Abstract
Stemona tuberosa Lour is a perennial herb in the family of Stemonaceae. It is commonly used as traditional medicine in China. Here, we assembled and annotated the complete chloroplast genome of S. tuberosa. The chloroplast genome was 154,374 bp in length, containing a typical quadripartite structure with a large single copy (LSC) of 82,305 bp, a small single copy (SSC) of 17,929 bp, and two inverted repeats (IRa and IRb) regions of 27,070 bp each. The overall GC content of the genome was 37.88%. A total of 134 genes were annotated in the chloroplast genome, including 88 protein-coding genes, 38 transfer RNA (tRNA) genes, and 8 ribosomal RNA (rRNA) genes. Phylogenetic analysis suggested that S. tuberosa was closely related to S. japonica and S. mairei.
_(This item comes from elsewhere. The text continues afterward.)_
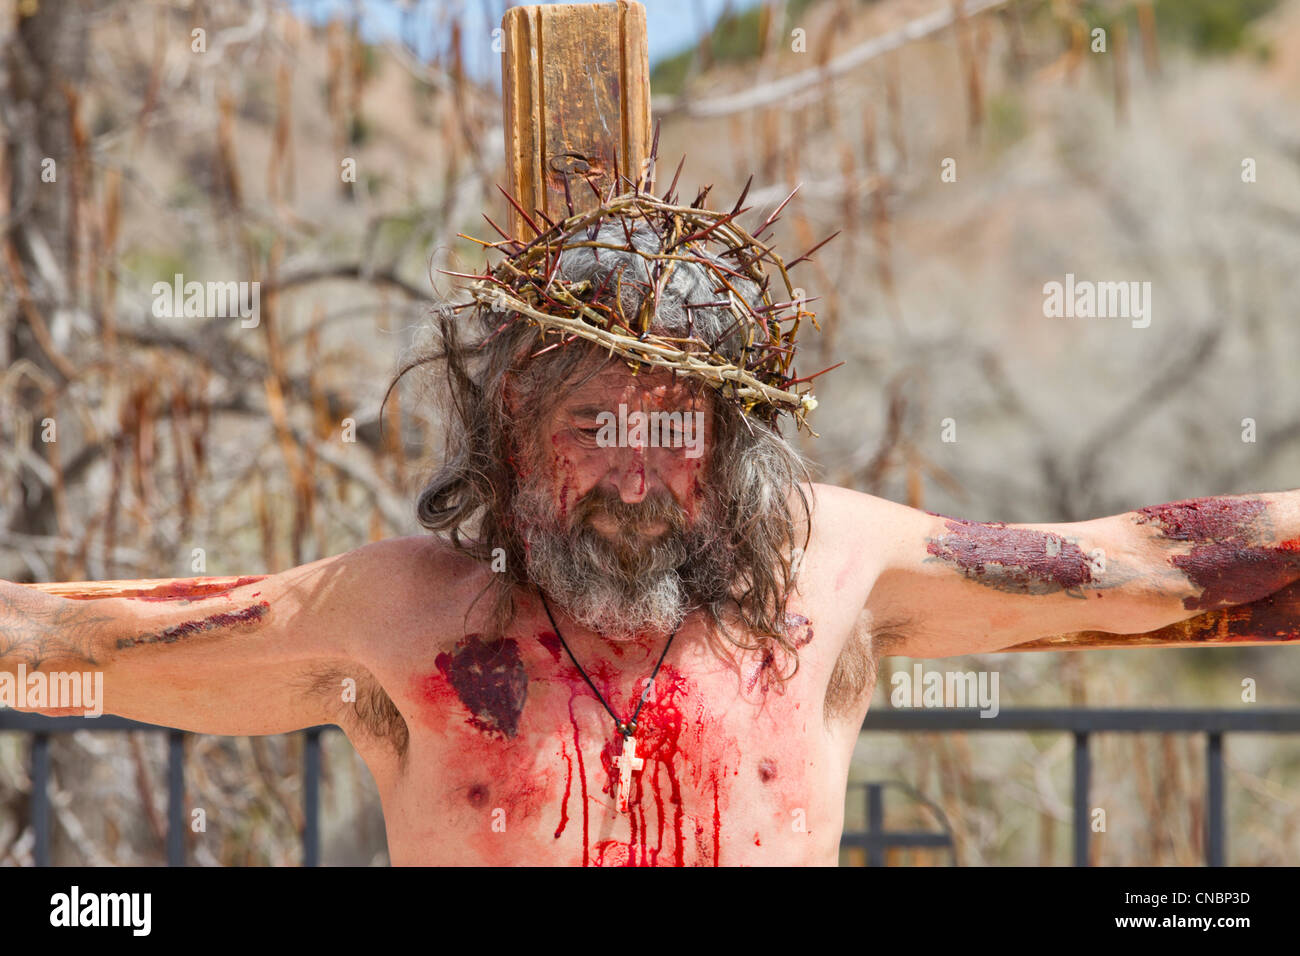 Re-enactement of the Passion of the Christ during Easter celebrations at the Chimayo Sanctuary, New Mexico. Stock Photo

Stemona tuberosa Lour is a medicinally important plant species, which belongs to the family Stemonaceae (Chung et al. Citation2003). It has long been used by Asian people to cure respiratory diseases, e.g., bronchitis, pertussis, and tuberculosis (Jiang et al. Citation2002; Jung et al. Citation2016). Alkaloids, stilbenoides, and tocopherols are recognized as the main active ingredients of S. tuberosa, and those constituents have been proven to possess multi-biological properties such as antifungal, antituberculotic, and anticancer activity (Greger Citation2006; Li, Jiang, et al. Citation2007; Li, Sturn, et al. Citation2007). Despite its highly valuable medicinal properties, little genome data was provided for the conservation, utilization, and development of S. tuberosa. For the species of Stemonaceae, the complete chloroplast genome of S. japonica, S. mairei, C. japonica, C. heterosepala, and C. pauciflora have been available (Lu et al. Citation2018). However, there are still no reports regarding the S. tuberosa chloroplast genome. In this study, we assembled the complete chloroplast genome of S. tuberosa, and analyzed its phylogenetic relationship with other species on the molecular level.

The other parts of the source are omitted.